• _Assignment_:
Write out all of the data again, exactly as it reads.

-------- Data under study --------

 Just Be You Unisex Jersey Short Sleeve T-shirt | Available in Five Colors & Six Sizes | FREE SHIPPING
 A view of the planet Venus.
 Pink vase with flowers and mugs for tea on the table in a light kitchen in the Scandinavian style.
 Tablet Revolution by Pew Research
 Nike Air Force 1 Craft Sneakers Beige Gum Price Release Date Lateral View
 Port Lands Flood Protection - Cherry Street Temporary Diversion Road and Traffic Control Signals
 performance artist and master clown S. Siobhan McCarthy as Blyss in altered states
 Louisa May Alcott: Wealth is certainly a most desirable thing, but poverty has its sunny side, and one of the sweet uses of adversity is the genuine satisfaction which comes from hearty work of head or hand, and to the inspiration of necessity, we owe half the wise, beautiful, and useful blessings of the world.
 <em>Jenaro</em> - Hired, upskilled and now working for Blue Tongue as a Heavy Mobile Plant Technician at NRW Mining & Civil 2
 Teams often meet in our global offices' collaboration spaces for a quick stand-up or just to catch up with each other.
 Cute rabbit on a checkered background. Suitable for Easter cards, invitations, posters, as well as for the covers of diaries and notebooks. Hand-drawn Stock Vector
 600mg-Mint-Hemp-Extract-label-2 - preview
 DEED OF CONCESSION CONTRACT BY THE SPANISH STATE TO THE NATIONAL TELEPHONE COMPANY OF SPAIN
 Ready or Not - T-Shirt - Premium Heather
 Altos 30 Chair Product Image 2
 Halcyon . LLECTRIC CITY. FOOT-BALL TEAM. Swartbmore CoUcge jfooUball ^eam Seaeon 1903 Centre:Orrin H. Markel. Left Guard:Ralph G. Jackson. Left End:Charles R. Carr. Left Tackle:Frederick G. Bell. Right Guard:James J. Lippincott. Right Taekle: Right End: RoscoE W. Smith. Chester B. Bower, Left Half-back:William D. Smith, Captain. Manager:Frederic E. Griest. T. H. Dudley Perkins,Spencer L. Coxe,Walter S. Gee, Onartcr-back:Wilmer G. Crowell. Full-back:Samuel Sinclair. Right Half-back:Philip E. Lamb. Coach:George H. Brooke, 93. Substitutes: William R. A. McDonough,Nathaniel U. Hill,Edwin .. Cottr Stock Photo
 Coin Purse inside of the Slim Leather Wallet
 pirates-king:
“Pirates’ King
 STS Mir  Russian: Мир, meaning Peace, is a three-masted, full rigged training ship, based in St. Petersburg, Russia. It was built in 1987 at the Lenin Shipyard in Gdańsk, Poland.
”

--------

• _Reply to the task_:
 Just Be You Unisex Jersey Short Sleeve T-shirt | Available in Five Colors & Six Sizes | FREE SHIPPING
 A view of the planet Venus.
 Pink vase with flowers and mugs for tea on the table in a light kitchen in the Scandinavian style.
 Tablet Revolution by Pew Research
 Nike Air Force 1 Craft Sneakers Beige Gum Price Release Date Lateral View
 Port Lands Flood Protection - Cherry Street Temporary Diversion Road and Traffic Control Signals
 performance artist and master clown S. Siobhan McCarthy as Blyss in altered states
 Louisa May Alcott: Wealth is certainly a most desirable thing, but poverty has its sunny side, and one of the sweet uses of adversity is the genuine satisfaction which comes from hearty work of head or hand, and to the inspiration of necessity, we owe half the wise, beautiful, and useful blessings of the world.
 <em>Jenaro</em> - Hired, upskilled and now working for Blue Tongue as a Heavy Mobile Plant Technician at NRW Mining & Civil 2
 Teams often meet in our global offices' collaboration spaces for a quick stand-up or just to catch up with each other.
 Cute rabbit on a checkered background. Suitable for Easter cards, invitations, posters, as well as for the covers of diaries and notebooks. Hand-drawn Stock Vector
 600mg-Mint-Hemp-Extract-label-2 - preview
 DEED OF CONCESSION CONTRACT BY THE SPANISH STATE TO THE NATIONAL TELEPHONE COMPANY OF SPAIN
 Ready or Not - T-Shirt - Premium Heather
 Altos 30 Chair Product Image 2
 Halcyon . LLECTRIC CITY. FOOT-BALL TEAM. Swartbmore CoUcge jfooUball ^eam Seaeon 1903 Centre:Orrin H. Markel. Left Guard:Ralph G. Jackson. Left End:Charles R. Carr. Left Tackle:Frederick G. Bell. Right Guard:James J. Lippincott. Right Taekle: Right End: RoscoE W. Smith. Chester B. Bower, Left Half-back:William D. Smith, Captain. Manager:Frederic E. Griest. T. H. Dudley Perkins,Spencer L. Coxe,Walter S. Gee, Onartcr-back:Wilmer G. Crowell. Full-back:Samuel Sinclair. Right Half-back:Philip E. Lamb. Coach:George H. Brooke, 93. Substitutes: William R. A. McDonough,Nathaniel U. Hill,Edwin .. Cottr Stock Photo
 Coin Purse inside of the Slim Leather Wallet
 pirates-king:
“Pirates’ King
 STS Mir  Russian: Мир, meaning Peace, is a three-masted, full rigged training ship, based in St. Petersburg, Russia. It was built in 1987 at the Lenin Shipyard in Gdańsk, Poland.
”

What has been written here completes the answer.